Your objective:
Would you transcribe exactly the lines from the one containing "Nova Twins Twon" to the last line of the data below, both ends included, but none of the pictures?

Source material:
--- START ---

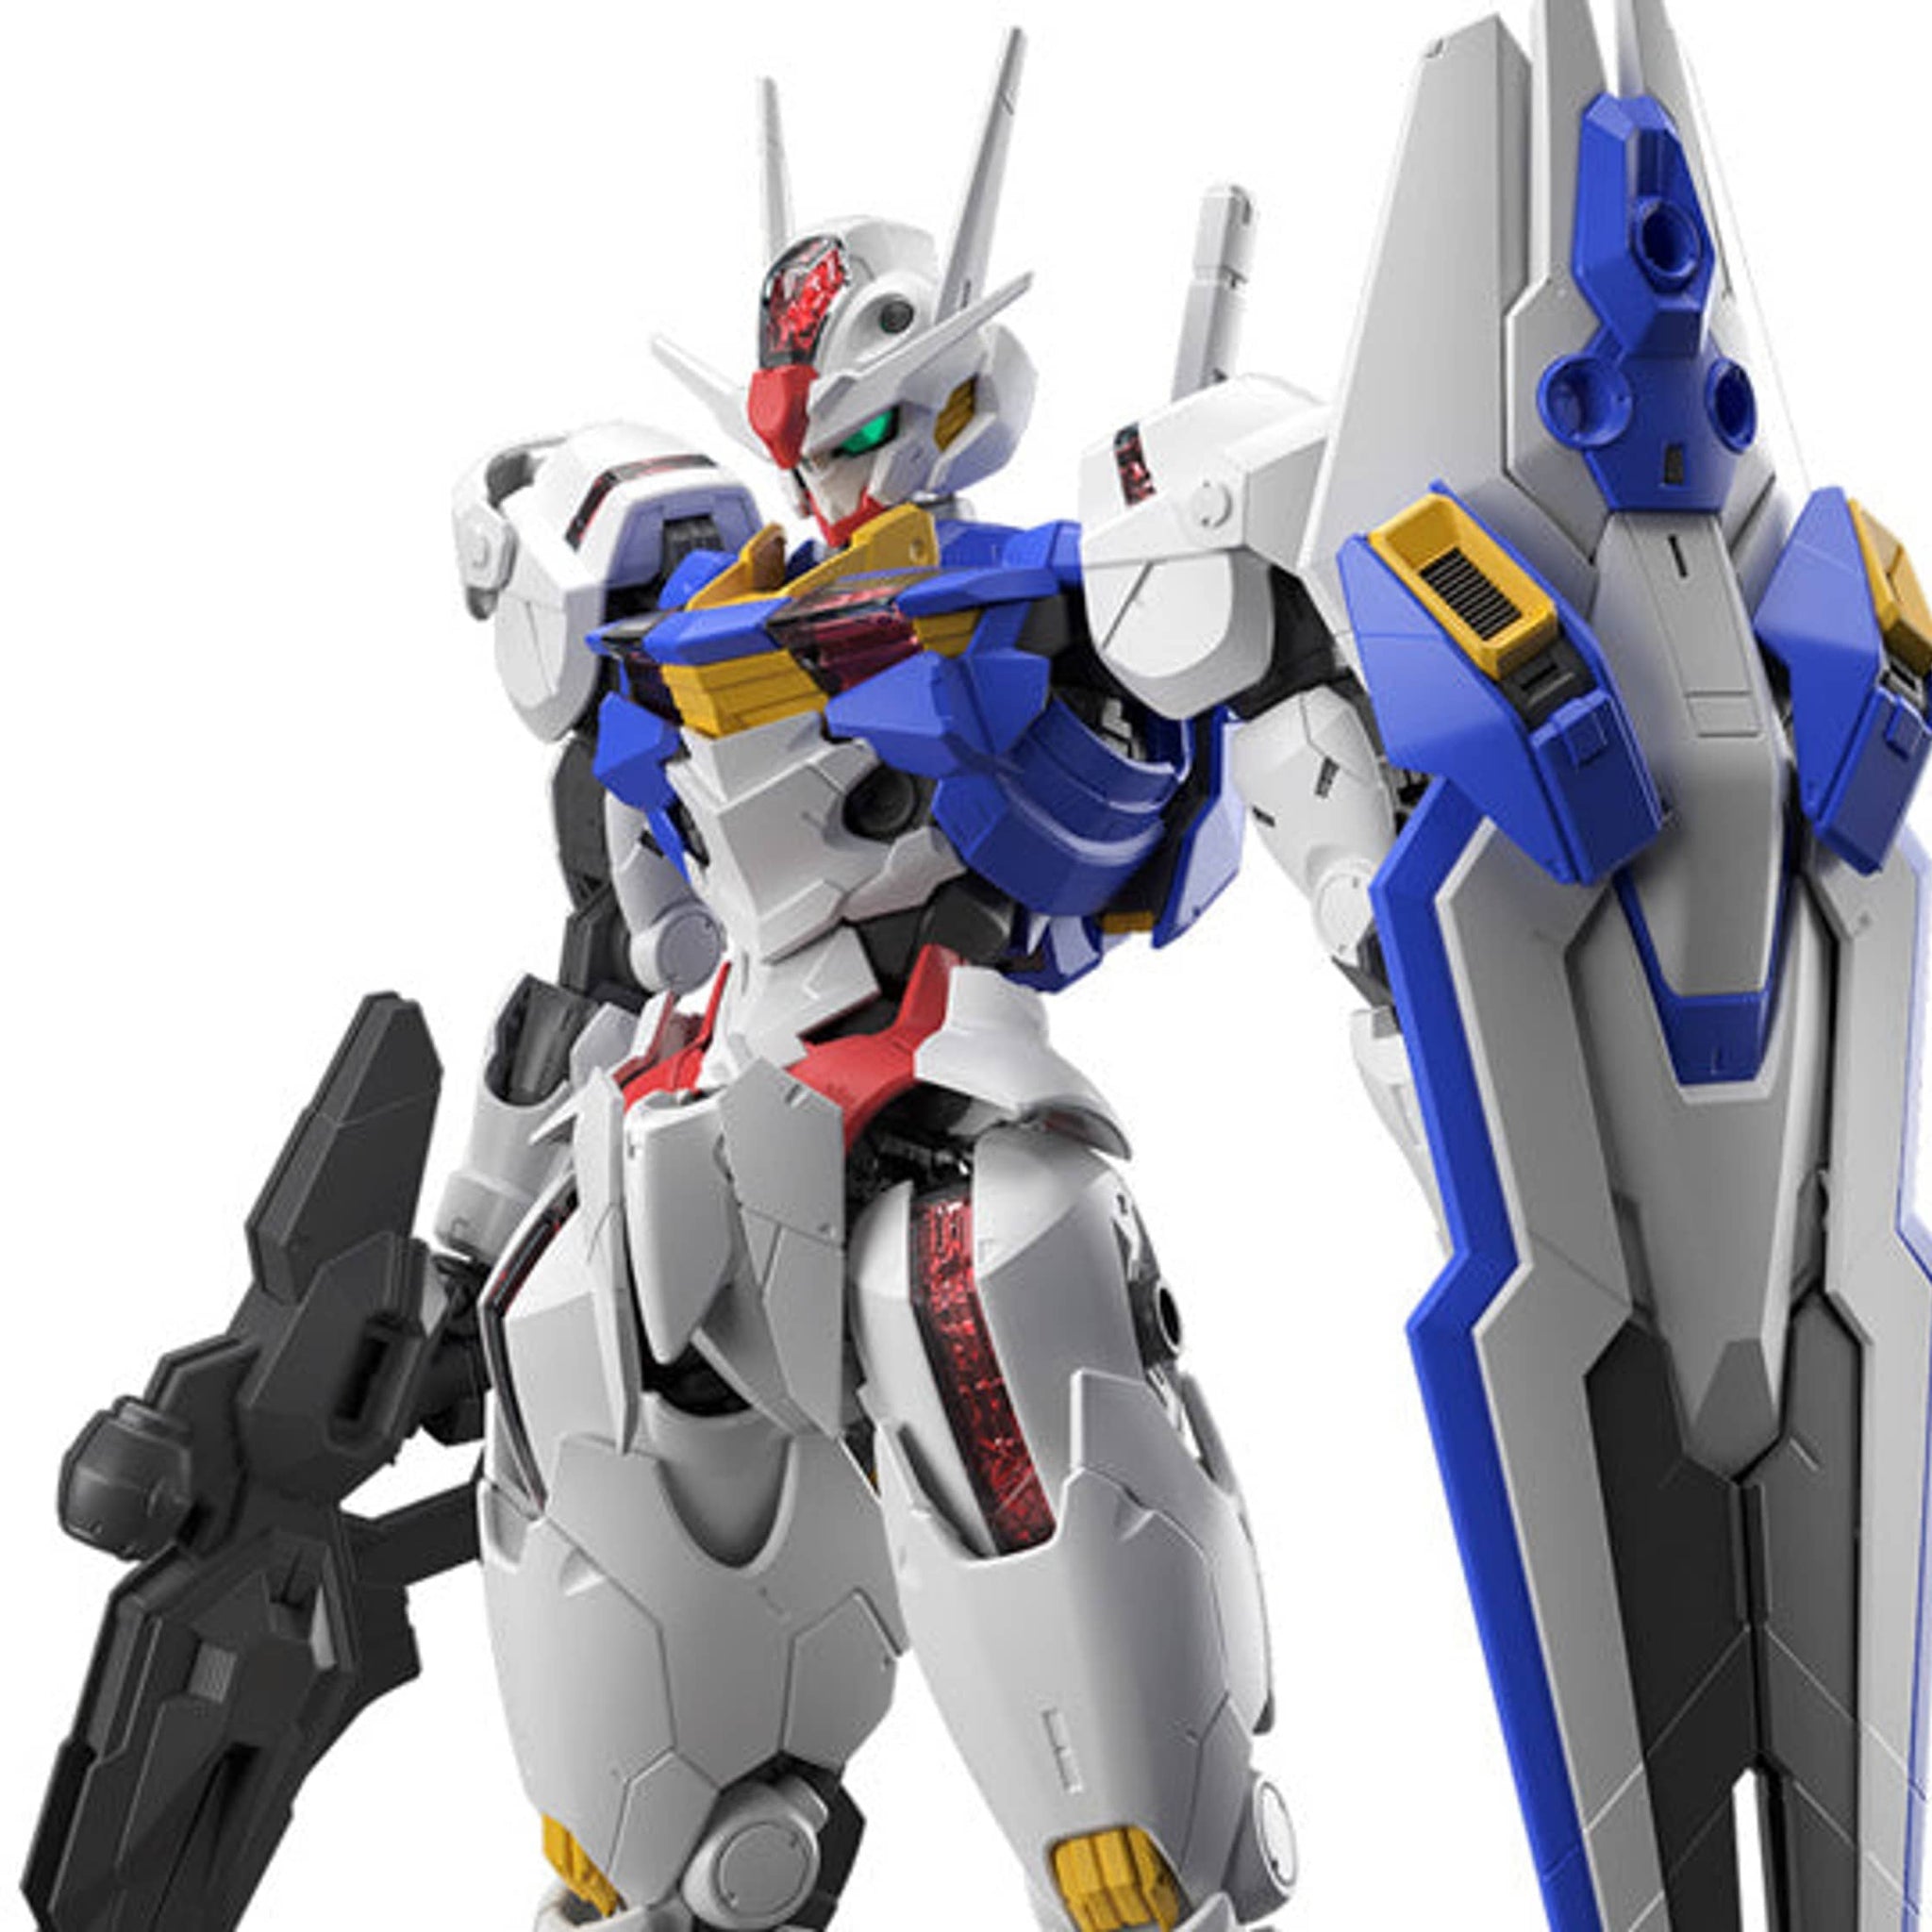 Mobile Suit Gundam: The Witch from Mercury Full Mechanics Gundam Aerial 1/100 Scale Model Kit 
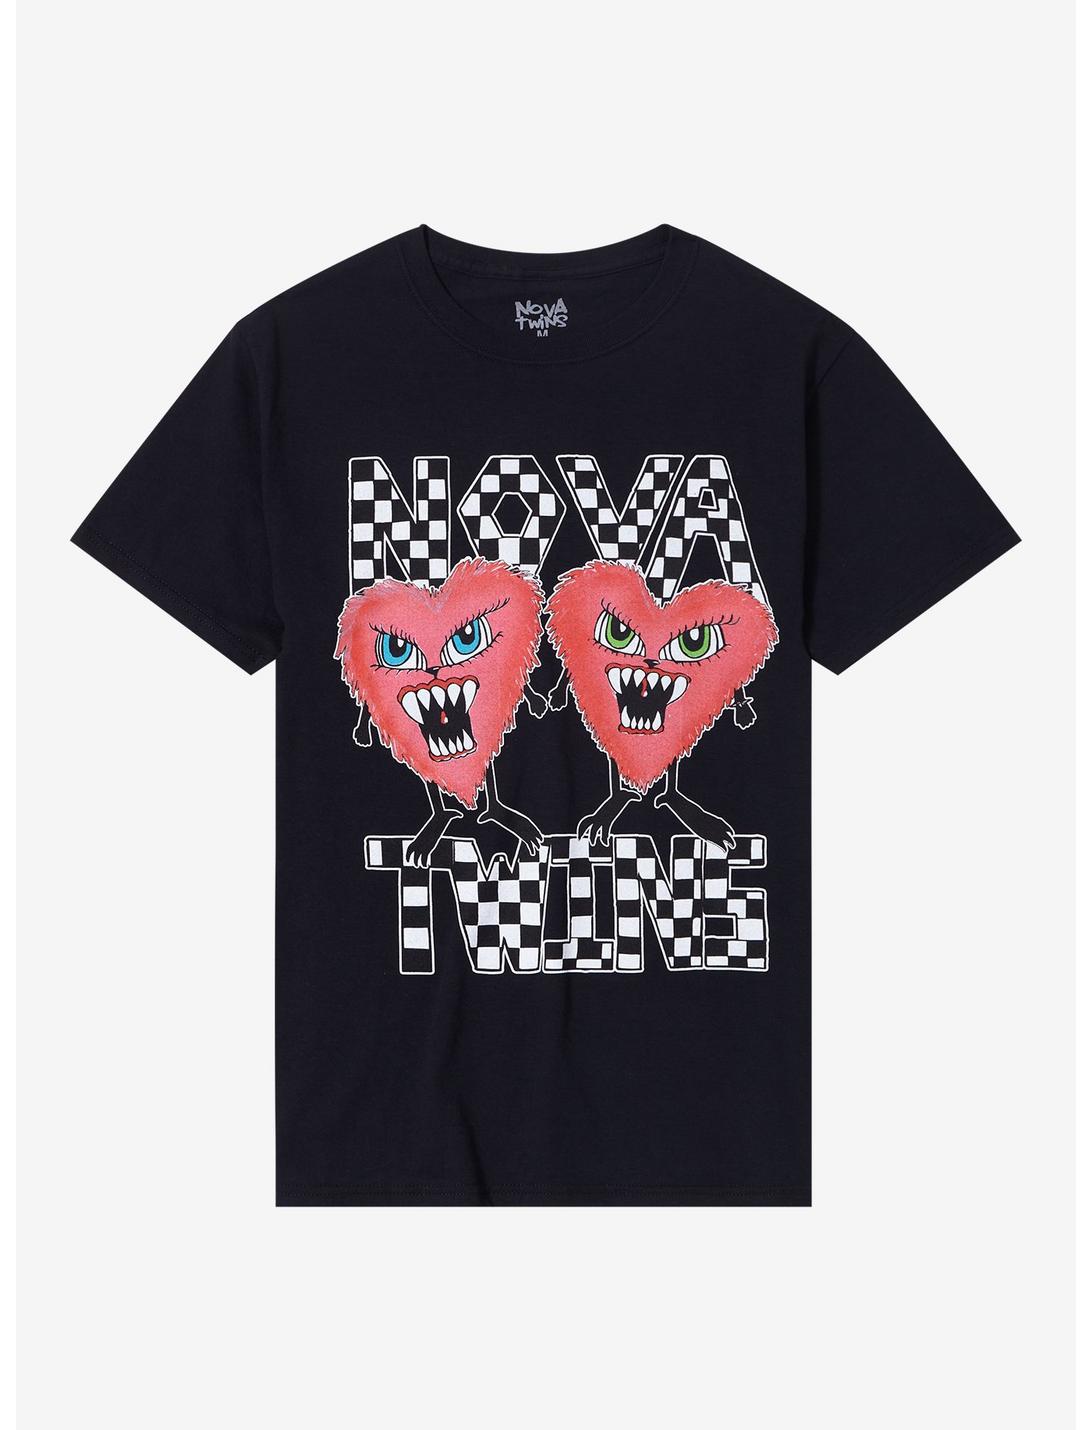 Nova Twins Twon Hearts Boyfriend Fit Girls T-Shirt, BLACK, hi-res
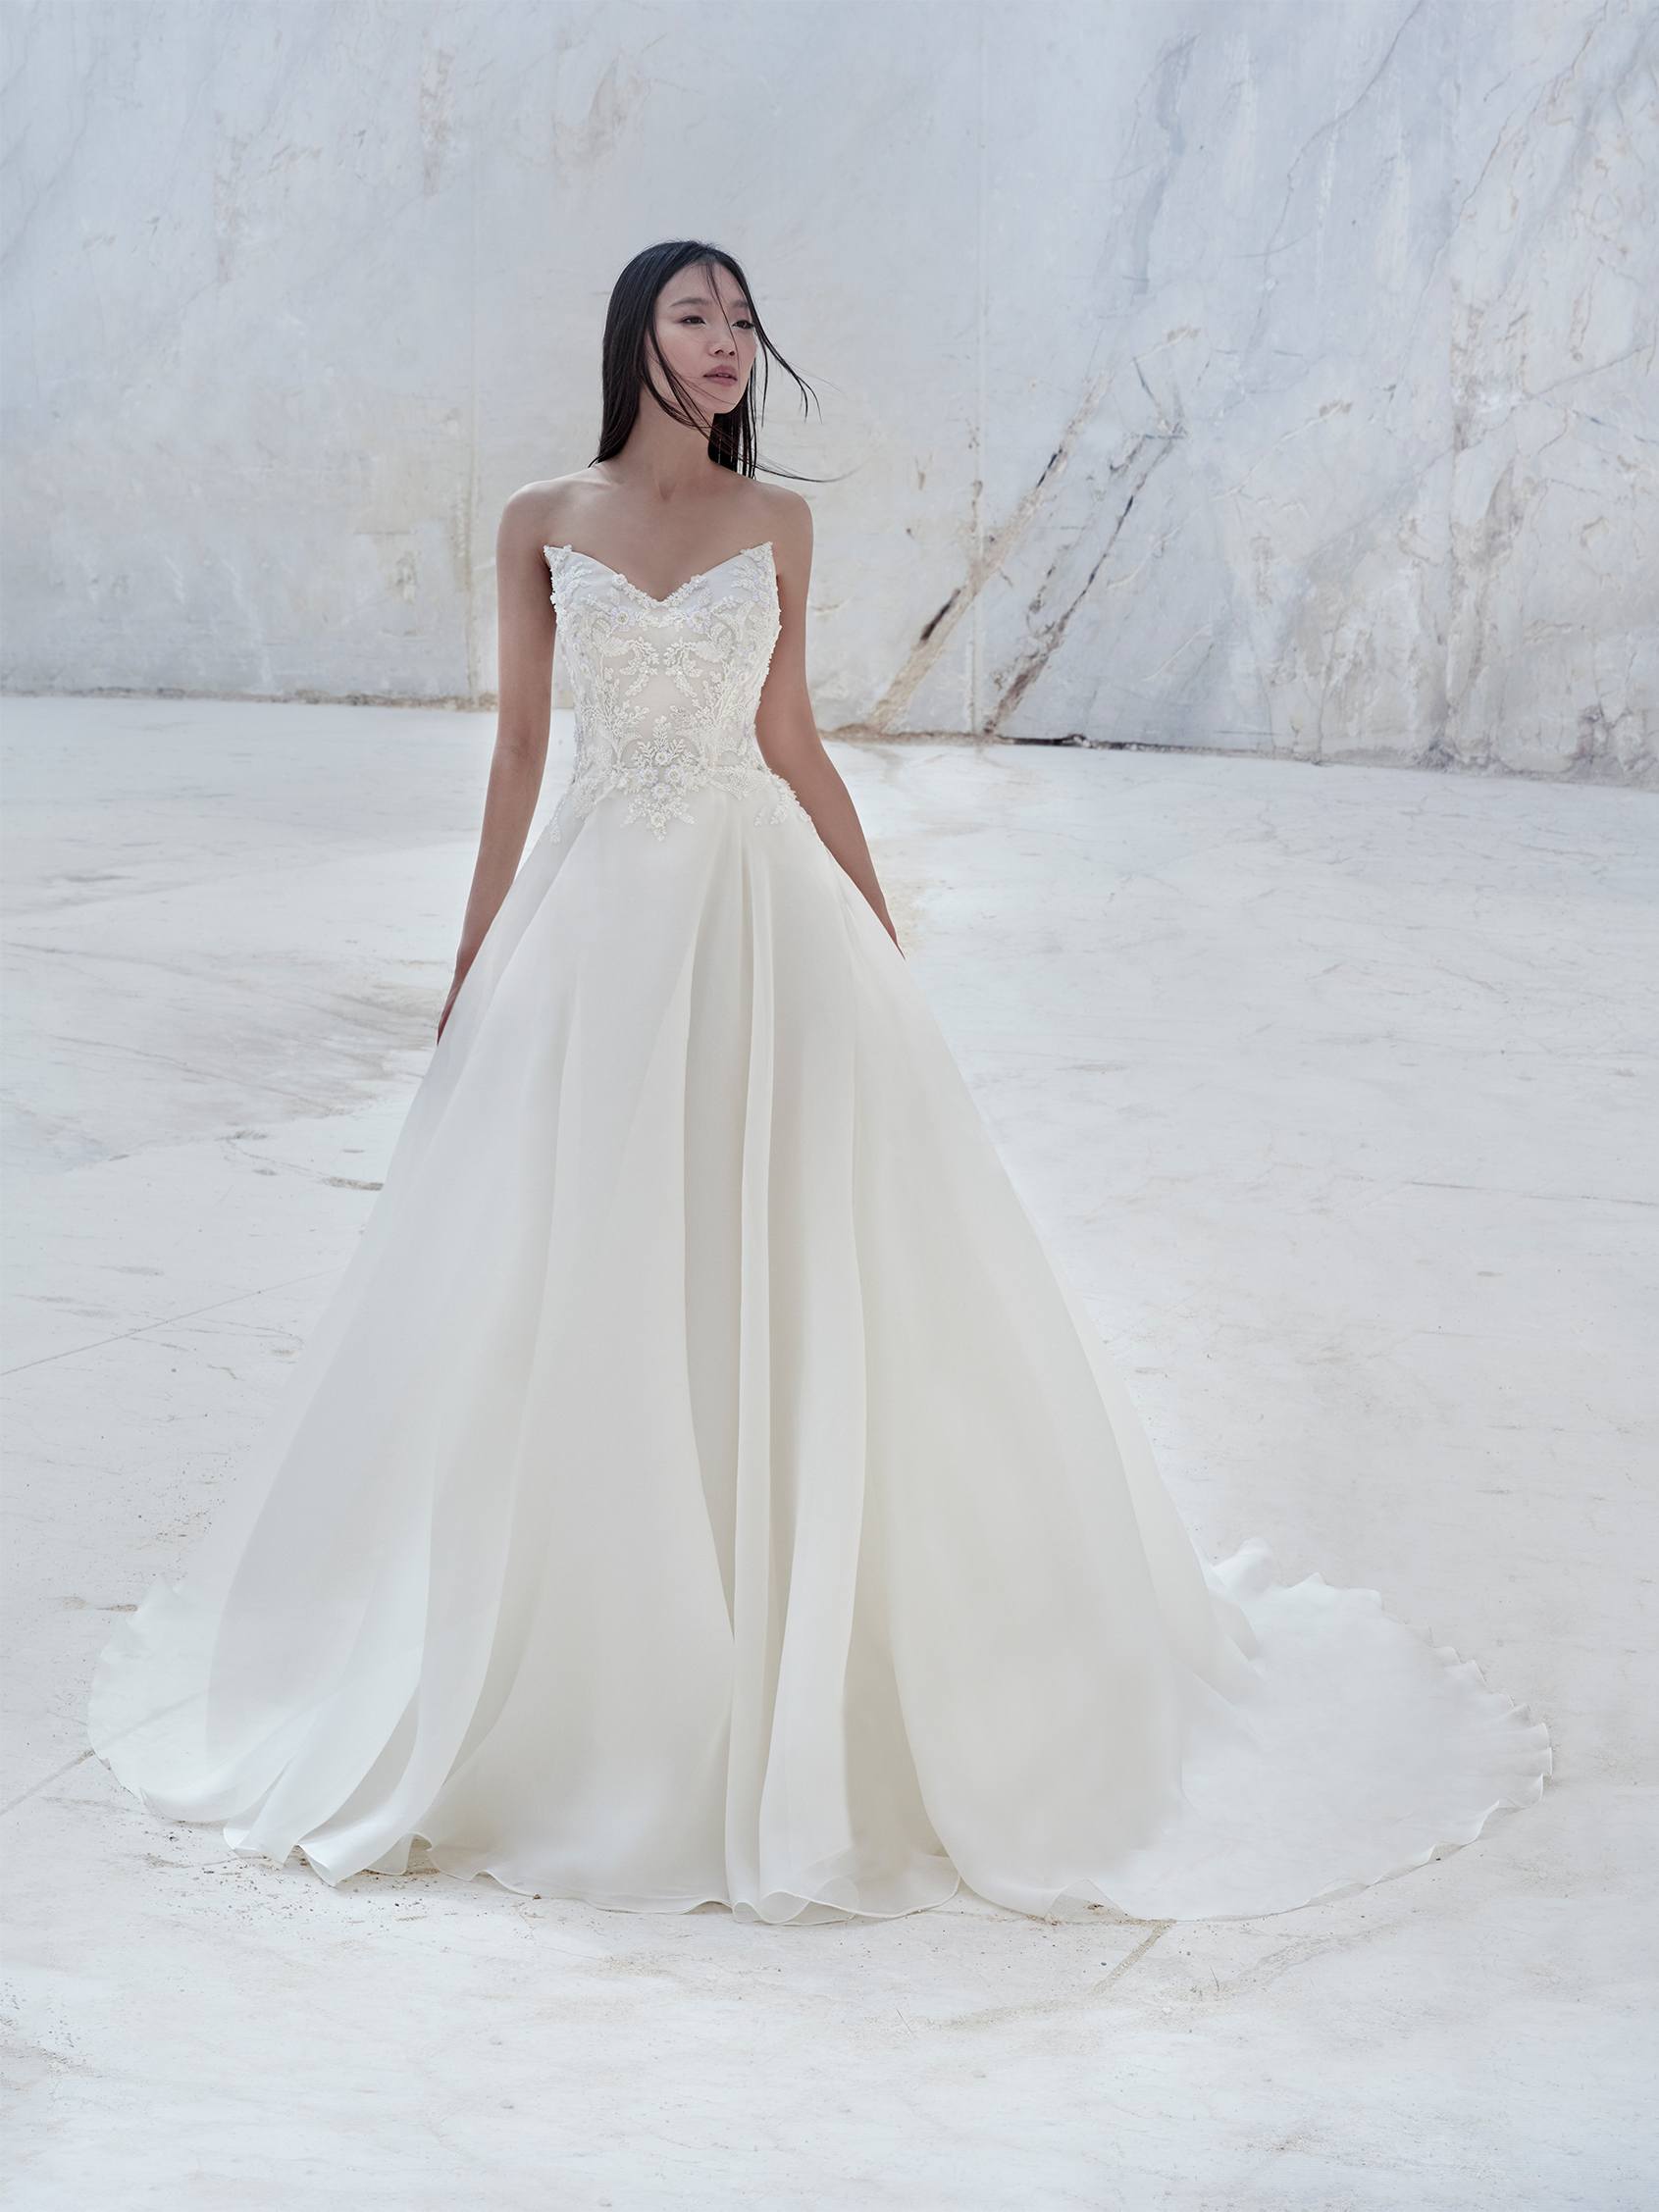 Yara the Tailorette - My bride Kristal This Pronovias dress come

--- END ---

Reply to the task:
 Nova Twins Twon Hearts Boyfriend Fit Girls T-Shirt, BLACK, hi-res
 Yara the Tailorette - My bride Kristal This Pronovias dress come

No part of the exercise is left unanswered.